覚悟とは関係なく、恋愛感情は募っていったし、抑えきれないところまで来てしまったけれど。
その日が来たら、シイレインは黙って身を引くつもりだった。ハルディラントの傍で護衛として仕えていられればそれでいい。そう思っている――今は。
部屋の前まで来る。落ち着いたら二人のこれからのことを話したい気持ちがあるが、今はまだ無理だろうか。では晩餐に、とだけ声をかけて立ち去ろうとすると、不意に腕を掴まれた。
驚いて振り返る。ハルディラントはまっすぐにシイレインの眼を見つめてくると、一つ瞬きをした。昨日と同じ眼差しだ、とシイレインはそんなことを思う。昨日、想いを伝えたときと同じ表情をしている。正面から受け止める気持ちはあるけれど、まだ自分の中で整理がつかない、そんな真摯さとかすかな動揺を感じる視線だった。
「……やっぱり今夜、おれの部屋に来て」
少しの間ののち、その意味を理解してシイレインは目を見開く。ただ話したいだけかもしれない、とも思ったが、声の密やかさがそれを否定していた。
「絶対に、誰にも見つからないように来て。待ってる」
そう告げて、ハルディラントは手を離す。部屋の扉を開き、返事を待つ気がない様子で素早く入室しようとする。
「ハル」
シイレインは思わず呼び止める。閉まろうとしている扉の隙間から、ほんの一瞬、振り返ったハルディラントの顔が見えた。
まるで泣きそうな表情だった。
■シイレイン・トラン(18)
夜闇に沈む廊下に視線を走らせる。分かる範囲で人の気配がないことを確認し、控えめに扉を叩く。応答はなく、内側から少しだけ開かれた。床に細く光の筋が現れる。シイレインは隙間に身体を滑り込ませる。背後でハルディラントがすぐに扉を閉ざした。シイレインは思わず安堵の息をつく。
薄闇の中、ハルディラントが振り返り、シイレインの顔を見やると笑顔を見せた。
「緊張した顔してる。誰にも見つからなかった?」
「はい。……多分」
「そこで言い切らないあたりが本当に真面目だよね、お前」
軽く笑うと、ハルディラントは歩み寄って両腕を伸ばし、頬に触れてきた。こわばりを解すようにさすられ、シイレインはつい苦笑してしまう。少しかがめば、唇を重ねられた。一度だけ触れ、少し離れて見つめ合う。ハルディラントの淡緑色の瞳は、笑顔とは裏腹に憂いを帯びているように見えた。それが気がかりで、でも今それを指摘するとハルディラントを傷つけてしまいそうで、黙ってシイレインの方から口づけの続きを求める。そっと抱きしめる。衝動に身を任せた昼間とは違い、できるだけ優しく、愛しい思いが伝わってくれればいい、と願いながら。

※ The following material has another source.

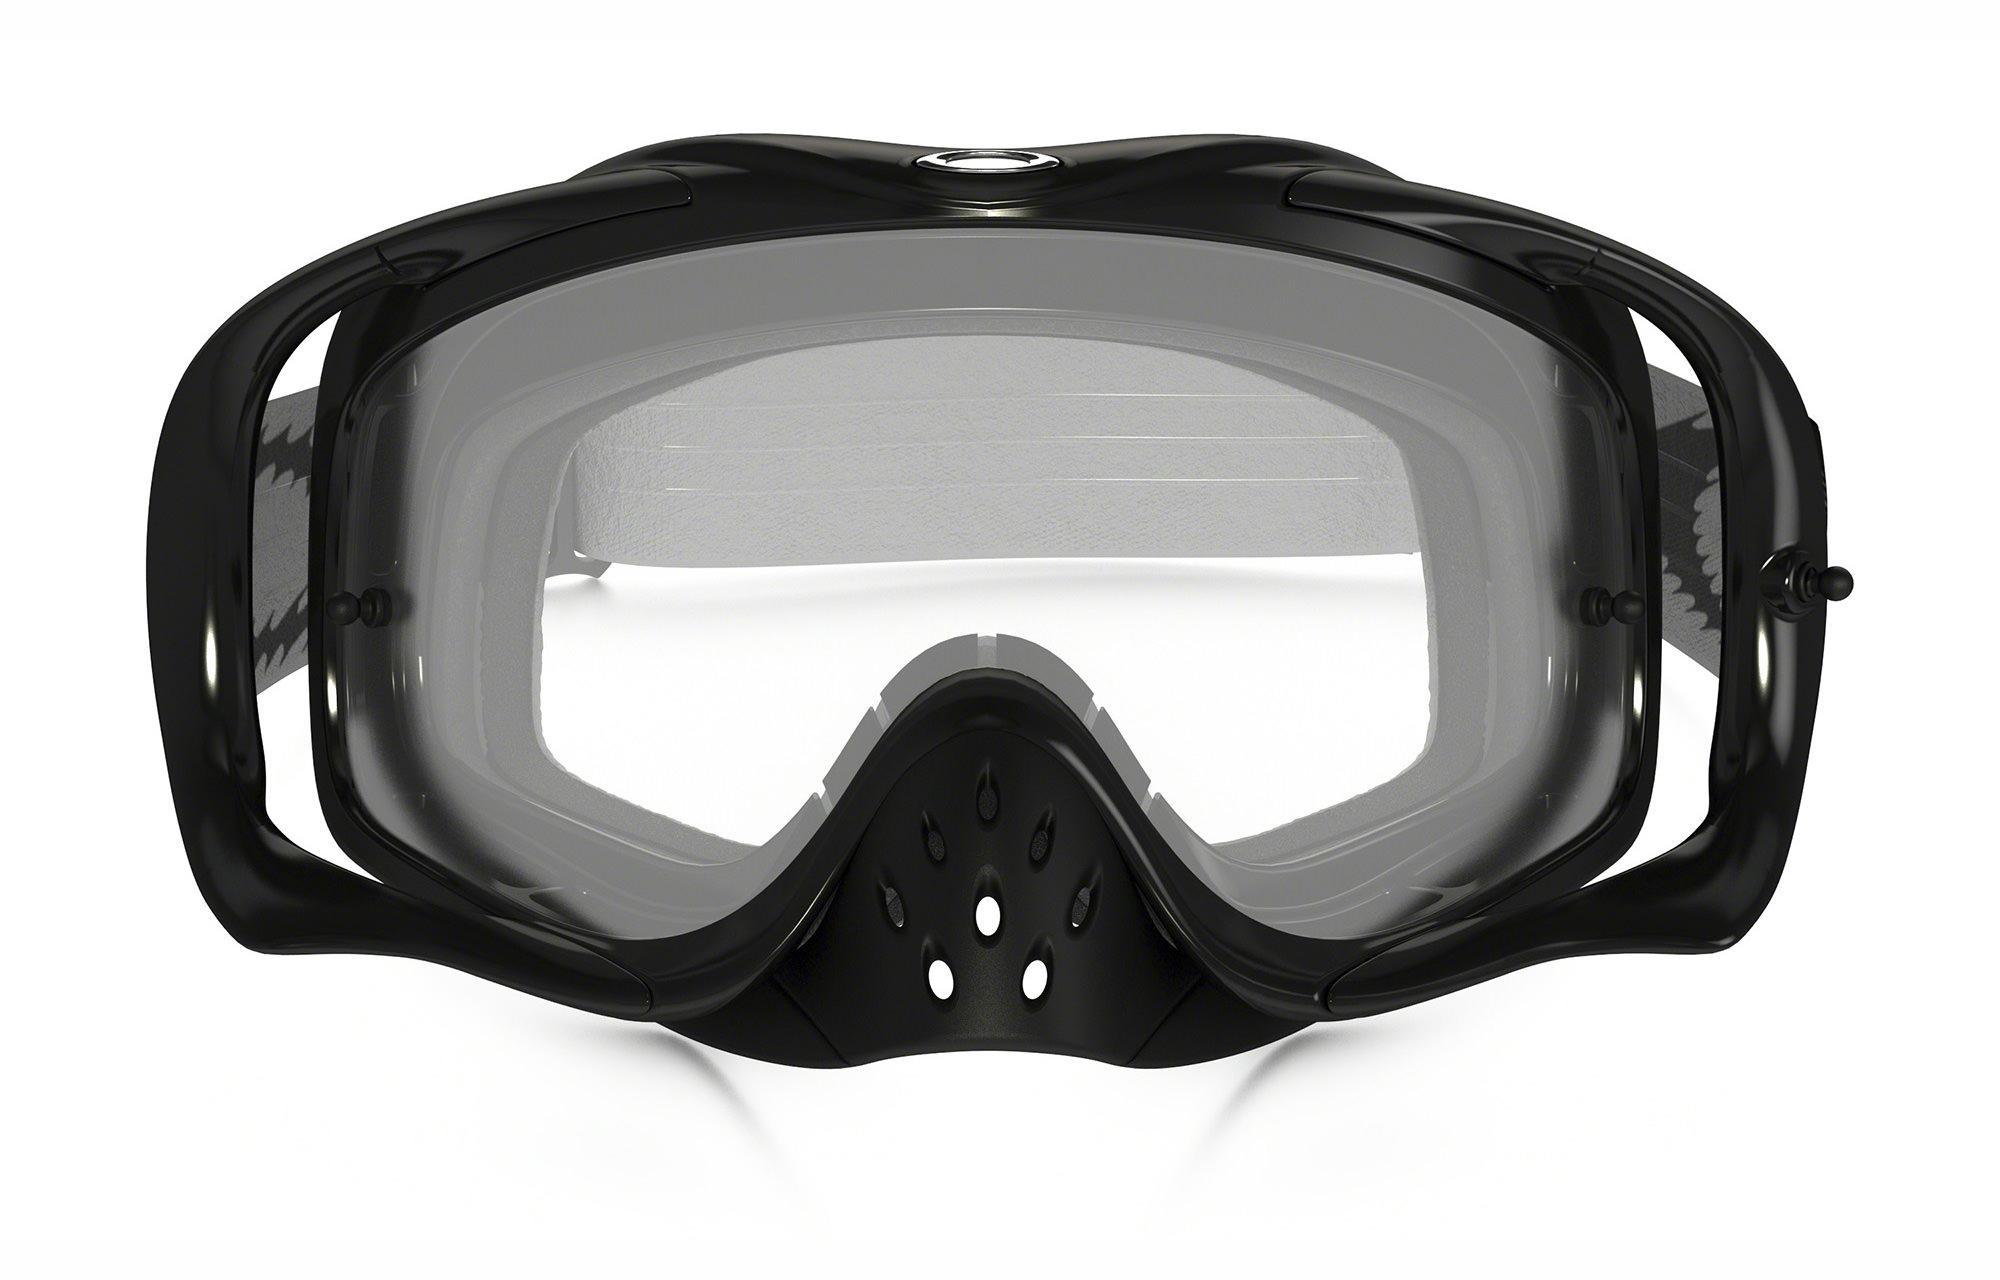 298f373409 Oakley Crowbar Mx Goggles Clear Lens « Heritage Malta
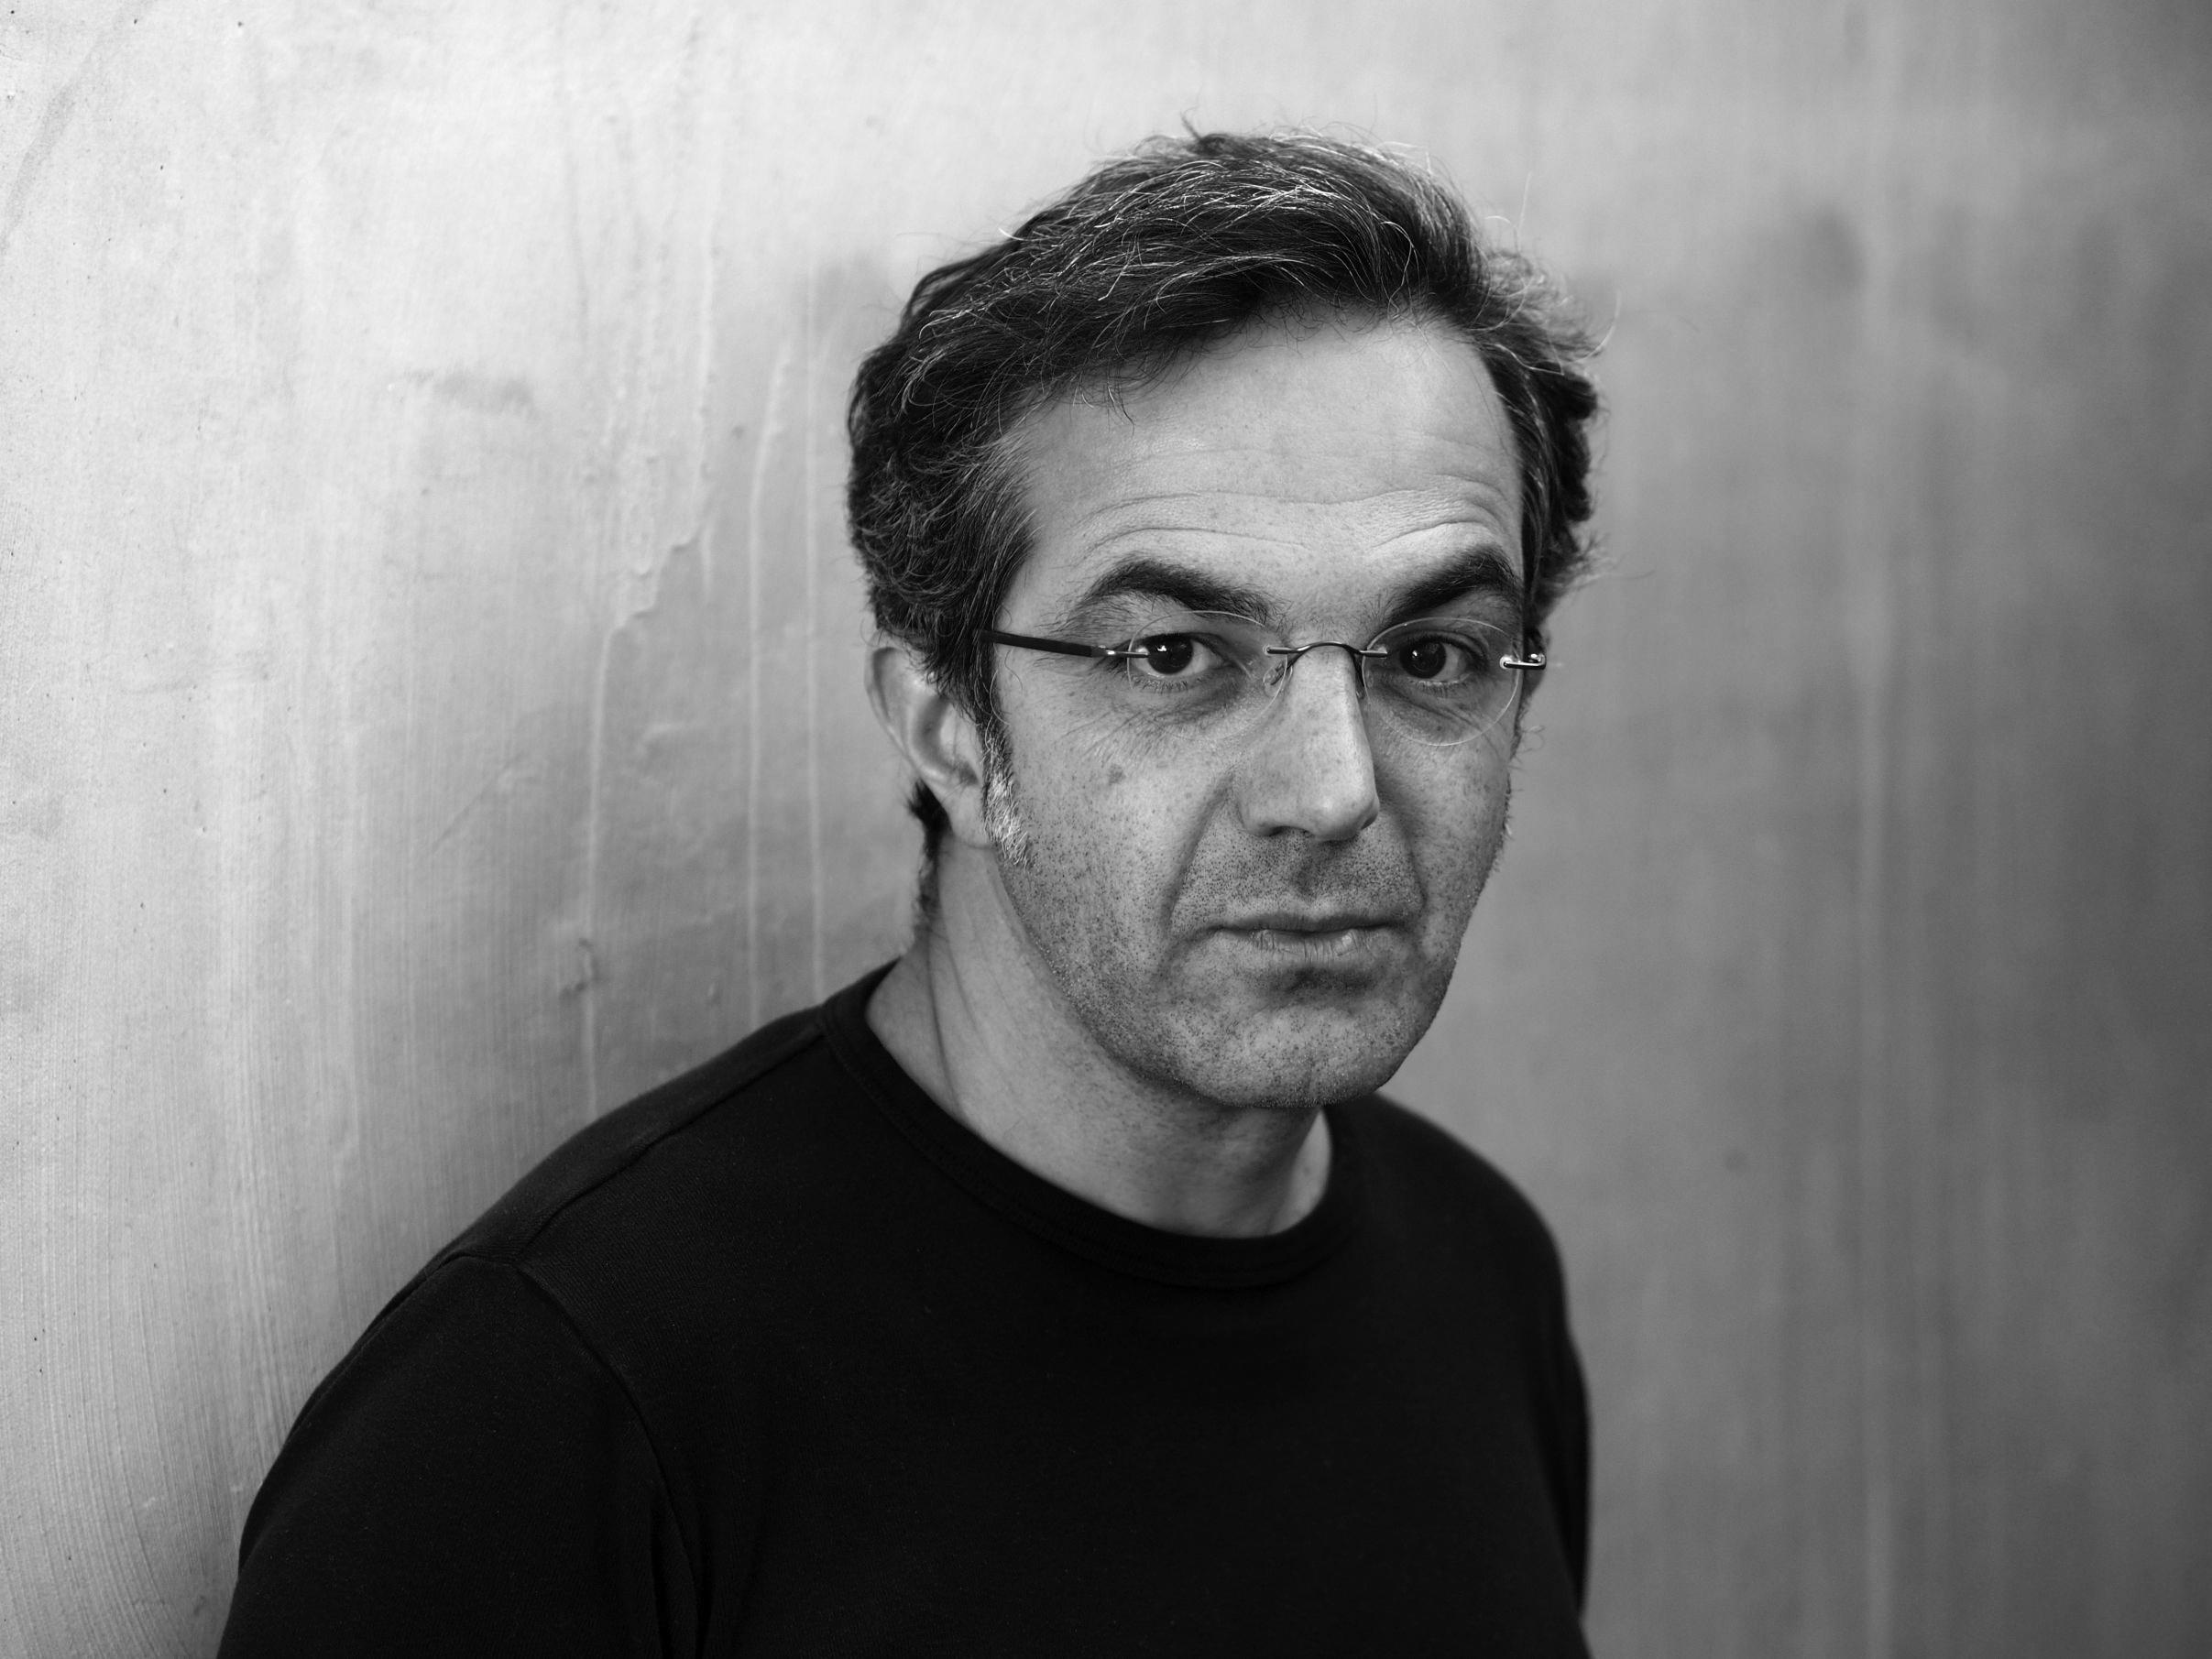 Portraitfotos Kalender/09_16 Kermani_Navid_c_Peter-Andreas Hassiepensw.jpg

口づけの終わりに、あっち行こう、とハルディラントがささやく。促されるほうには寝台があって、シイレインは自分の心拍数が上がるのが分かる。そのまま流されてしまいたい欲求はあるけれど。
「まず話しませんか。あなた多分、言いたいことがあるでしょう?」
ないわけがなかった。国王から結婚の話題を持ち出され、それについてなにも反応せずにただ夜の誘いをするなんて。独りで抱え込み、思い詰めた挙げ句のことなのだろう。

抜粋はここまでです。